Nicki Minaj singles chronology
| "Automatic" (2012) | "Va Va Voom" (2012) | "Beauty and a Beat" (2012) |

Music video
- "Va Va Voom (Explicit)" on YouTube

= Va Va Voom =

2012 song by Nicki Minaj

"Va Va Voom" is a song by rapper Nicki Minaj from the deluxe edition of her second studio album, Pink Friday: Roman Reloaded (2012). It was released on October 23, 2012 by Young Money, Cash Money, and Universal Republic as the sixth and final single from the album.

The song was written by Minaj, producers Lukasz Gottwald, Allan Grigg and Henry Walter, and Max Martin. It was planned to serve as the album's lead single, but its release was postponed at the last minute in favor of "Starships". It was sent to UK radio stations on September 15, 2012 and later sent to Top 40 mainstream radio on October 23, 2012. The song is on the deluxe edition of Pink Friday: Roman Reloaded and was later included in the album's reissue, Pink Friday: Roman Reloaded – The Re-Up.

"Va Va Voom" is a dance-pop and electropop song with lyrics about seduction. Upon release, the song received positive reviews from critics. Commercially, it entered the top twenty in several countries including Ireland, Slovakia, New Zealand and the United Kingdom. An accompanying music video was shot in December 2011, but was initially shelved after Minaj decided not to release "Va Va Voom" as the album's lead single, because she was not happy with the video's end result.

==Background==
"Va Va Voom" was written by Minaj, Lukasz Gottwald, Allan Grigg, Max Martin and Henry Walter, with production by Dr. Luke, Kool Kojak and Cirkut. It was intended to be the lead single from Pink Friday: Roman Reloaded. It was to be solicited to rhythmic contemporary radio stations on February 7, 2012. It was later postponed a week to February 14, 2012, with a release to contemporary hit radio scheduled for the same date. However, Minaj announced that "Starships" would instead be released as the lead single.
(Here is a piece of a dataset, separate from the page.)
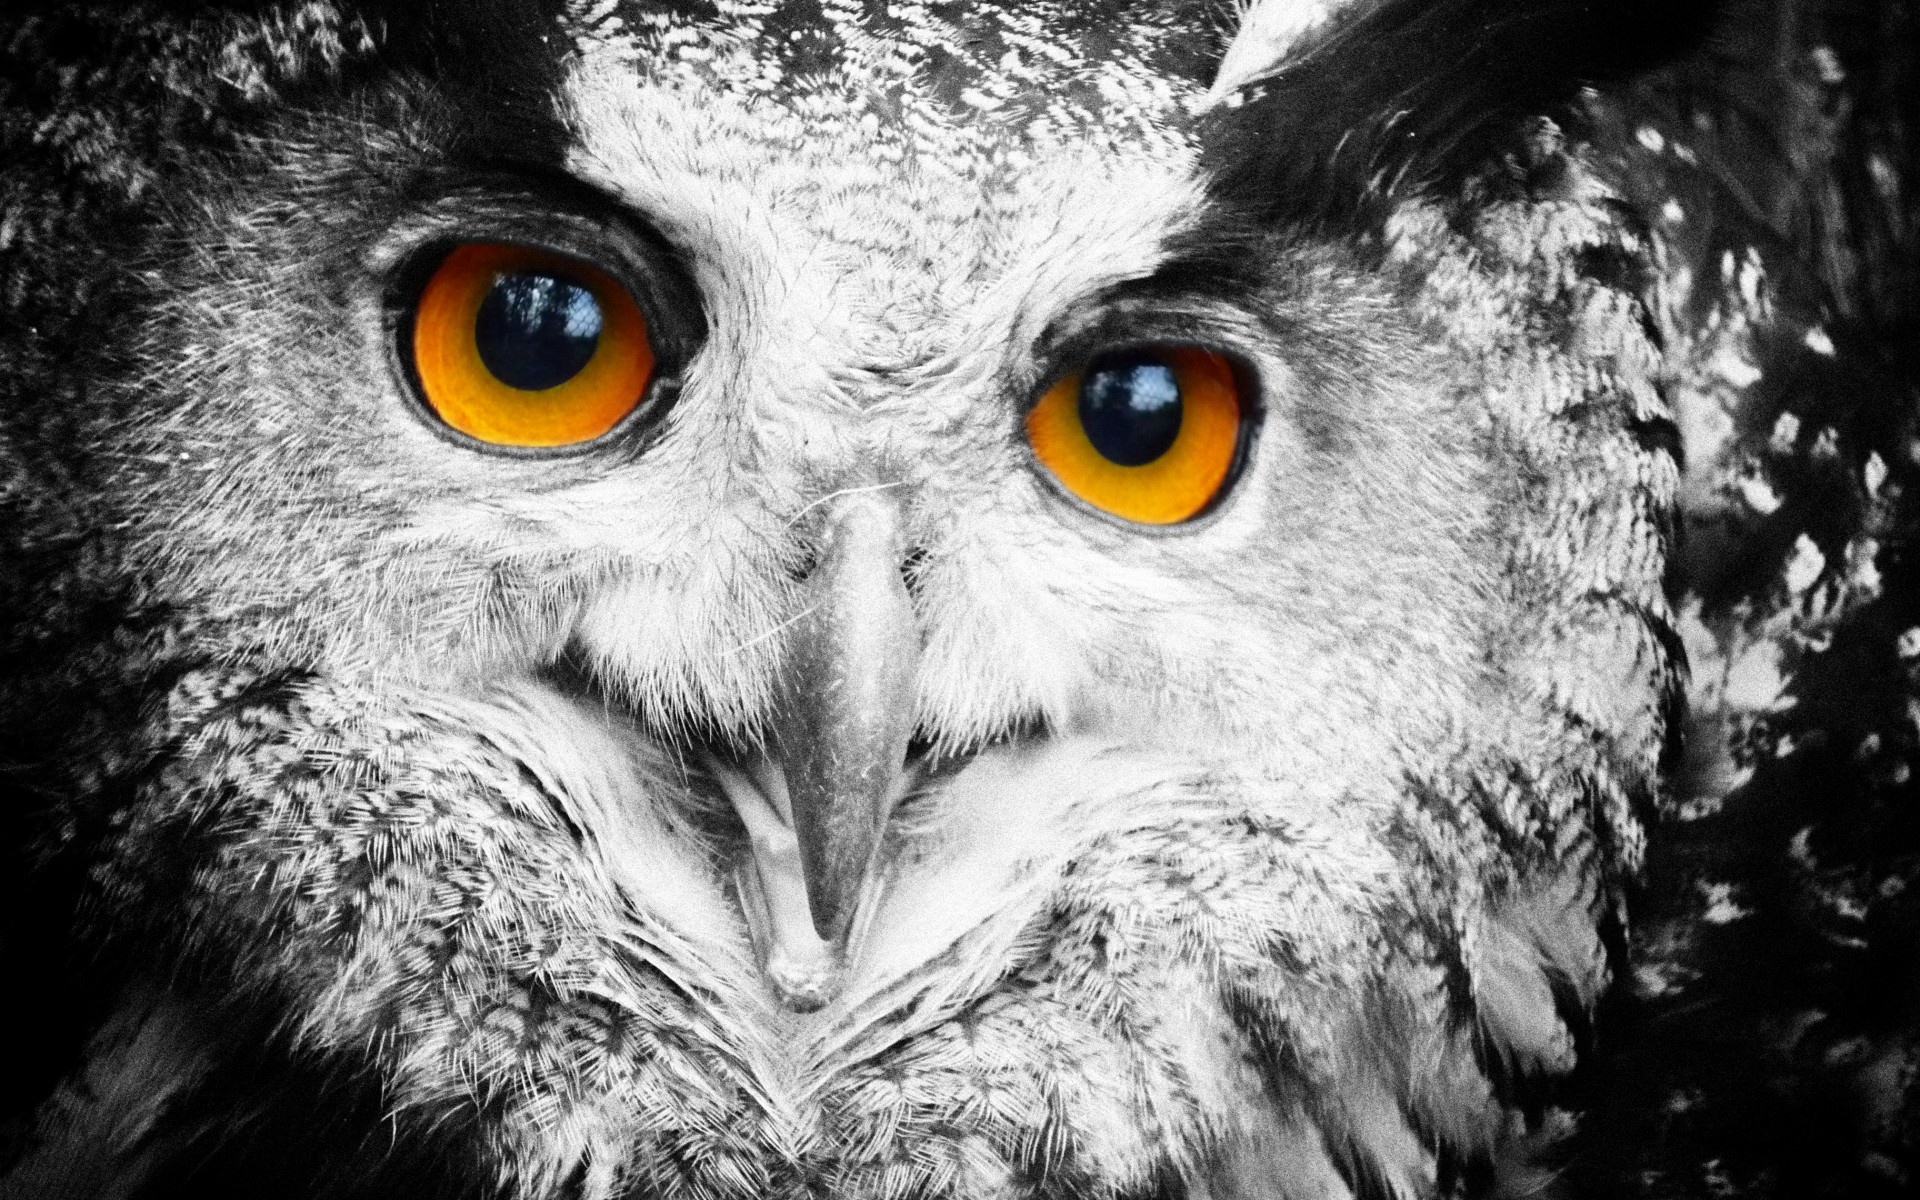 Cool Owl Wallpaper Image

On May 24, 2012, a poll was posted on Minaj's website, asking fans to help select the next singles, the poll is divided into three categories, the third category asks to choose the second worldwide pop single, the choices were: "Pound the Alarm", "Whip It", and "Va Va Voom". "Va Va Voom" had the most votes and won the poll. "Whip It" came in second place and "Pound The Alarm" came in third. However, after several radio stations in the UK, France, and Australia started heavily playing "Pound the Alarm", Minaj announced on June 6, 2012, that "Pound The Alarm" has been chosen instead. "Va Va Voom" was eventually solicited to contemporary hit radio in the United States on October 23, 2012.

==Composition==
Musically, "Va Va Voom" was described as "a sultry, electro-pop thumper" by Digital Spy. Lyrically, the song talks about "seduction finds Minaj playing the temptress atop some delicious dub-lite pulsations." It contains the lyrics "I know that he got a wife at home, but I need just one night alone." The verses of the song are rapped, while the bridge and chorus are sung. "Va Va Voom" is set in common time with a tempo of 127 beats per minute. Written in the key of C minor, it follows the chord progression Cm-E♭-B-A♭; Minaj's voice spans from A♭_{3} to B_{4}.

==Reception==
According to MTV's Kara Klenk, "Va Va Voom" remains a "stand out track" on the album, along with "Beautiful Sinner," "Come on a Cone" and "Beez in the Trap." Sarah Crafford of The Sun Chronicle recommended the song to listeners who favored Minaj's pop tracks, complimenting the song as a "catchy, sing-along and soon-to-be hit." Bradley Stern from MuuMuse was said the song was "insanely infectious" and "an unbelievably sickening (in the good way!) pop tune". Sal Cinquemani of Slant Magazine described the song as "the most obvious successor to Minaj's crossover hit "Super Bass"." David Jeffries from AllMusic chose "Va Va Voom" as a standout track on the album.

==Chart performance==
Following the album's release, "Va Va Voom" sold 46,000 downloads, prompting it to debut at number seventy-nine on the Billboard Hot 100, eventually peaking at number twenty-two. It also debuted on the Canadian Hot 100 at number seventy-four. The song also garnered success across American Billboard charts, charting at number fifty on the Hot Digital Songs chart, 45 on the Hot Canadian Digital Songs chart, fifteen on the Rap Digital Songs, and twenty-one on the Pop Digital Songs. As of December 2014, "Va Va Voom" has sold 1.1 million copies in the United States.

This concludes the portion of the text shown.